How a Non-Programmer Doctor Built 22 Research Automation Skills with Claude Code

The Problem — Research Is 80% Repetitive Work

Running five research projects at once sounds impressive on a CV. In practice, it means downloading the same batch of PDFs from PubMed for the third time this week, reformatting the same PRISMA flow diagram in a slightly different style, and checking whether your manuscript actually reports every item on the STARD checklist — again.

I am a radiology resident. My training is in reading CT scans and placing catheters, not in writing Python scripts. But after spending months on systematic reviews, diagnostic accuracy studies, and AI validation papers, I noticed a pattern: about 80% of my research time went to tasks that were mechanical, predictable, and identical across projects.

Downloading open-access PDFs from Unpaywall and PMC. Running the same bivariate meta-analysis model with different datasets. Checking manuscript compliance against reporting guidelines. Writing the "Statistical Analysis" section for the fifteenth time.

The research itself — the clinical question, the study design, the interpretation — that was the 20% that actually required a doctor's judgment. Everything else was copy-paste with minor variations.

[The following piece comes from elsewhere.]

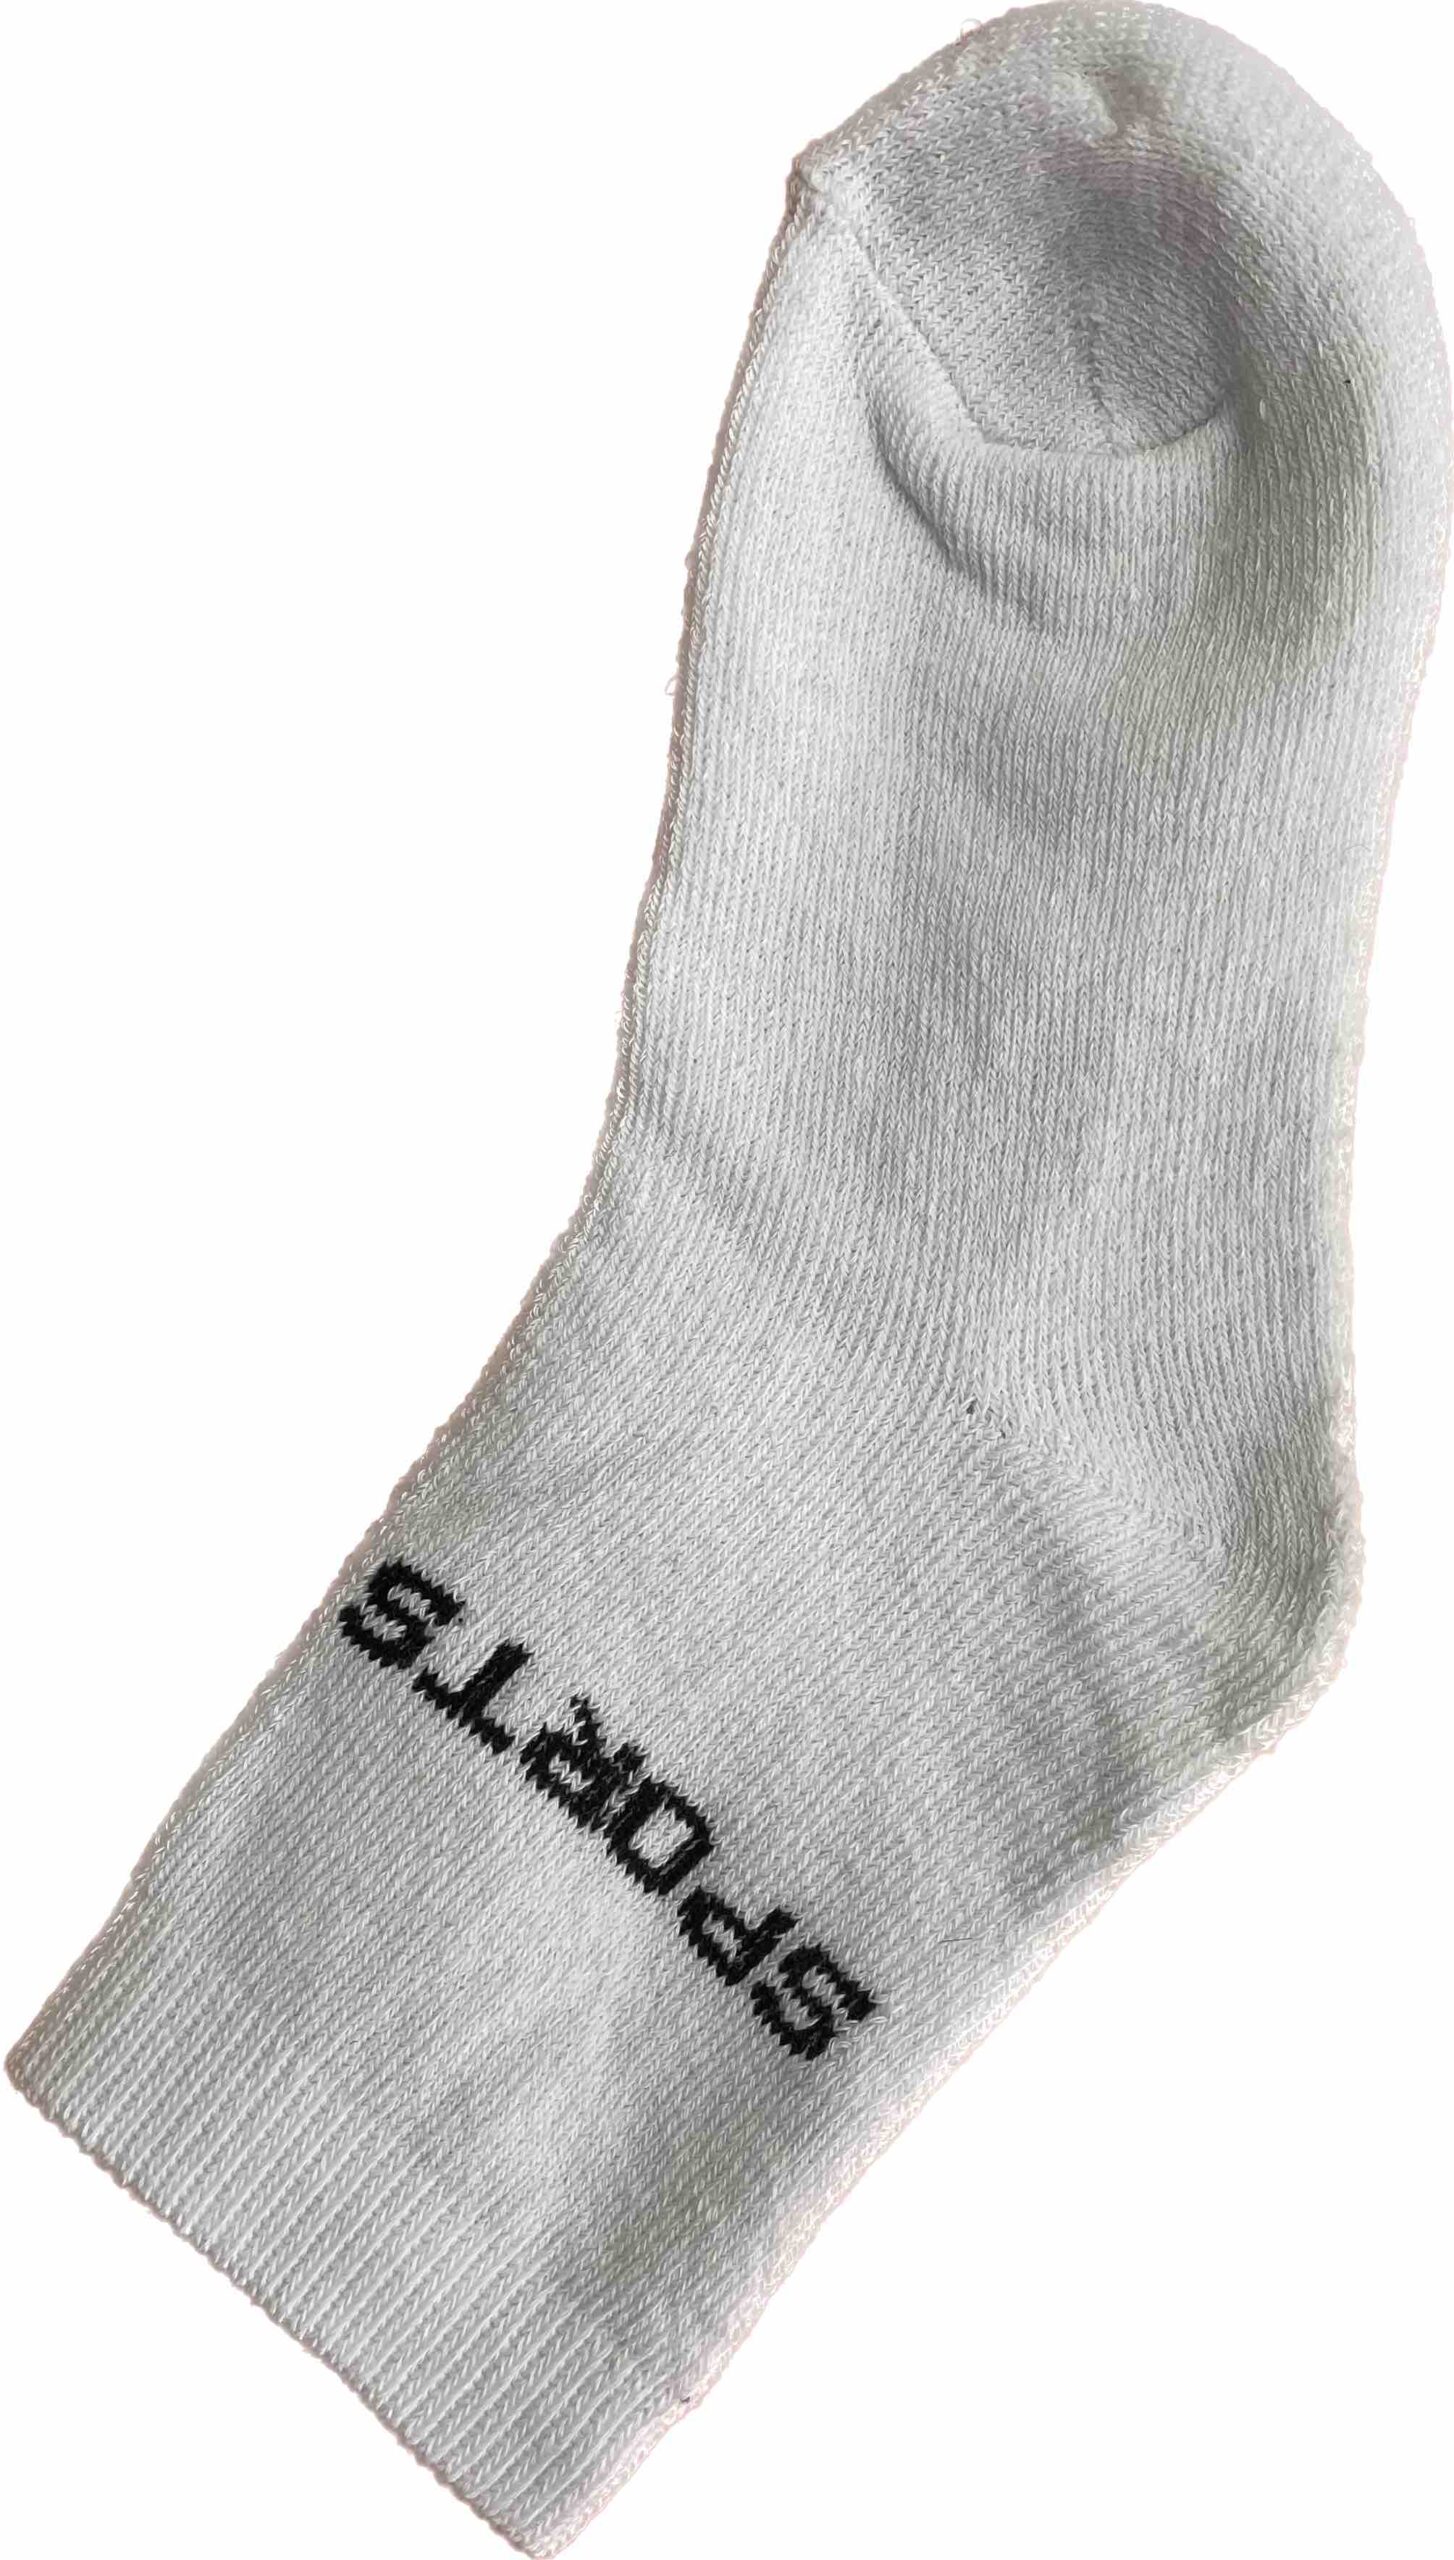 Κάλτσες σε χρώμα μαύρο , άσπρο 95 % βαμβάκι 5 % ελαστινη μέγεθος 36-40 no E1120

The First Skill — It Started with a PDF

The turning point came during a meta-analysis on CBCT-guided lung biopsies. I needed full-text PDFs for 76 included studies. The standard approach: click through PubMed, check if it is open access, try Unpaywall, try the publisher site, repeat 76 times.

I had been using Claude Code for a few weeks at that point — mostly for small tasks like reformatting tables or debugging R scripts. So I tried something different. Instead of asking Claude to write a complete program, I described my actual problem:

"I have a list of 76 DOIs. I need to download the full-text PDFs. Some are open access through Unpaywall, some are in PMC, and the rest I'll need to get through my institution. Can you help me batch-download the OA ones first?"

Claude Code wrote a Python script. It did not work perfectly on the first try — PMC's website blocked the download with a JavaScript challenge. So I described that problem too, and we iterated. Three rounds of conversation later, I had a working pipeline: Unpaywall first, then Europe PMC's REST API (which bypasses the JavaScript issue), then OpenAlex and Crossref as fallbacks.

That script saved me an afternoon. More importantly, it planted an idea: what if I saved this as a reusable skill, so next time I start a meta-analysis, the PDF retrieval step is already solved?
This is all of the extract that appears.